Ikegami T, Kuraoka I, Saijo M, Kodo N, Kyogoku Y, Morikawa K, Tanaka K, Shirakawa M
Graduate School of Biological Sciences, Nara Institute of Sciences and Technology, Ikoma, Japan.
Nat Struct Biol. 1998 Aug;5(8):701-6. doi: 10.1038/1400.

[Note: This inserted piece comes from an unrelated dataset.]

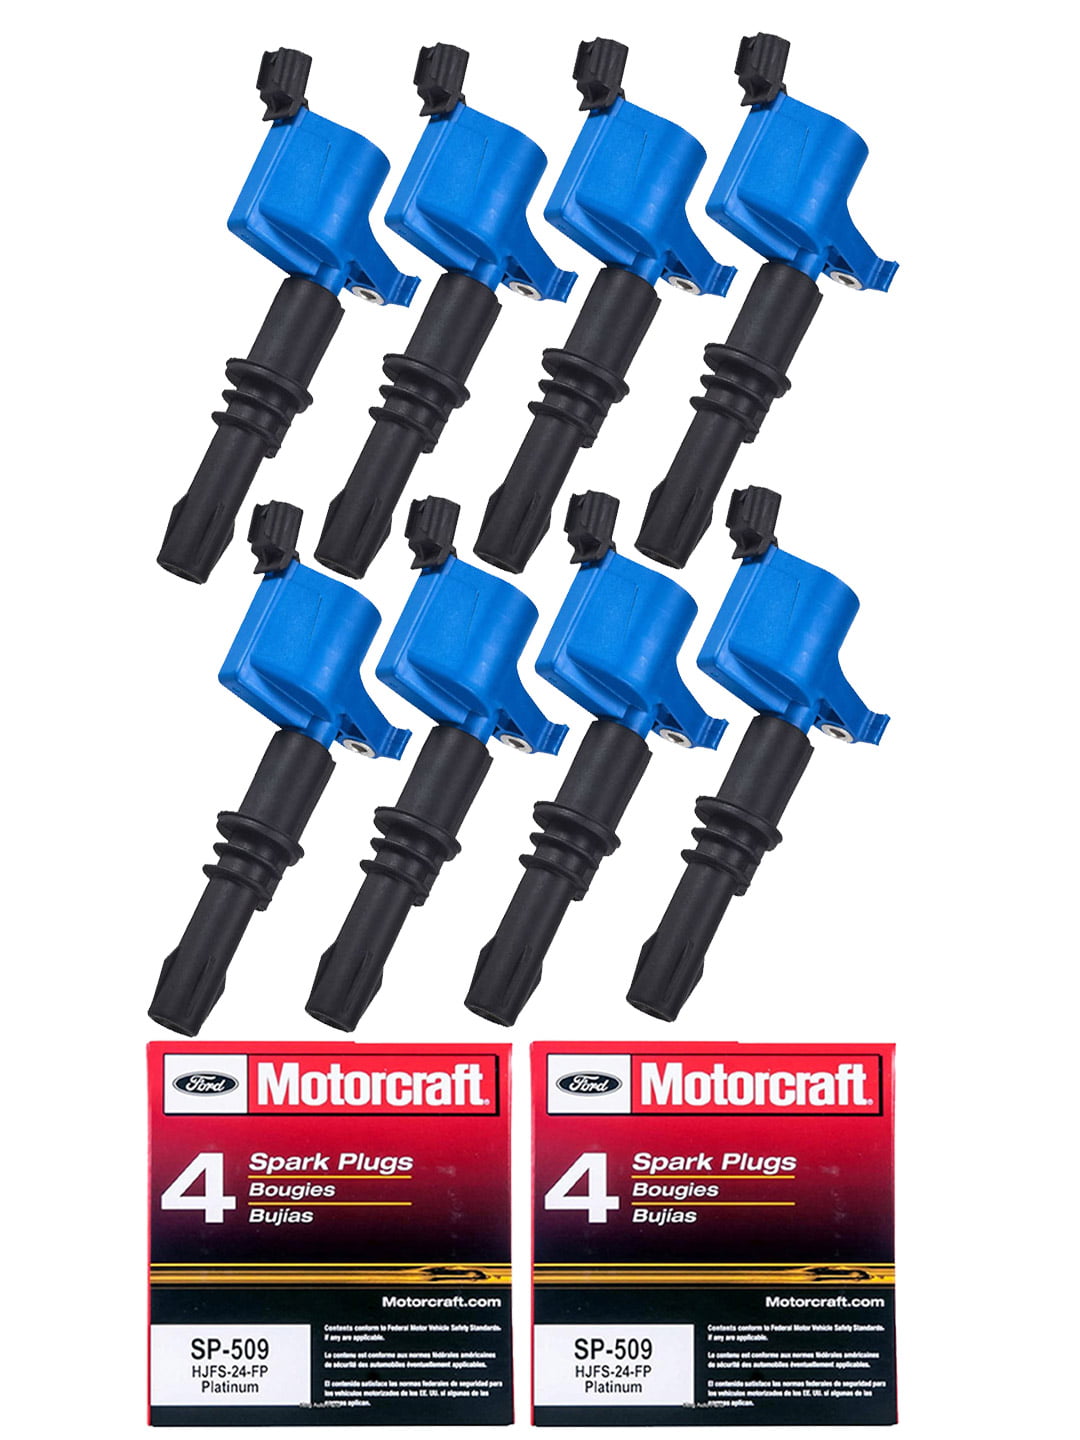 Motorcraft Spark Plug For 1999-2000 Ford F150 New Ignition Coil 1 1 +

The solution structure of the central domain of the human nucleotide excision repair protein XPA, which binds to damaged DNA and replication protein A (RPA), was determined by nuclear magnetic resonance (NMR) spectroscopy. The central domain consists of a zinc-containing subdomain and a C-terminal subdomain. The zinc-containing subdomain has a compact globular structure and is distinct from the zinc-fingers found in transcription factors. The C-terminal subdomain folds into a novel alpha/beta structure with a positively charged superficial cleft. From the NMR spectra of the complexes, DNA and RPA binding surfaces are suggested.
人类核苷酸切除修复蛋白XPA的中央结构域可与受损DNA及复制蛋白A(RPA)结合,其溶液结构通过核磁共振(NMR)光谱法得以确定。中央结构域由一个含锌亚结构域和一个C端亚结构域组成。含锌亚结构域具有紧密的球状结构,与转录因子中的锌指结构不同。C端亚结构域折叠成一种具有带正电荷表面裂隙的新型α/β结构。从复合物的NMR光谱推测出了DNA和RPA的结合表面。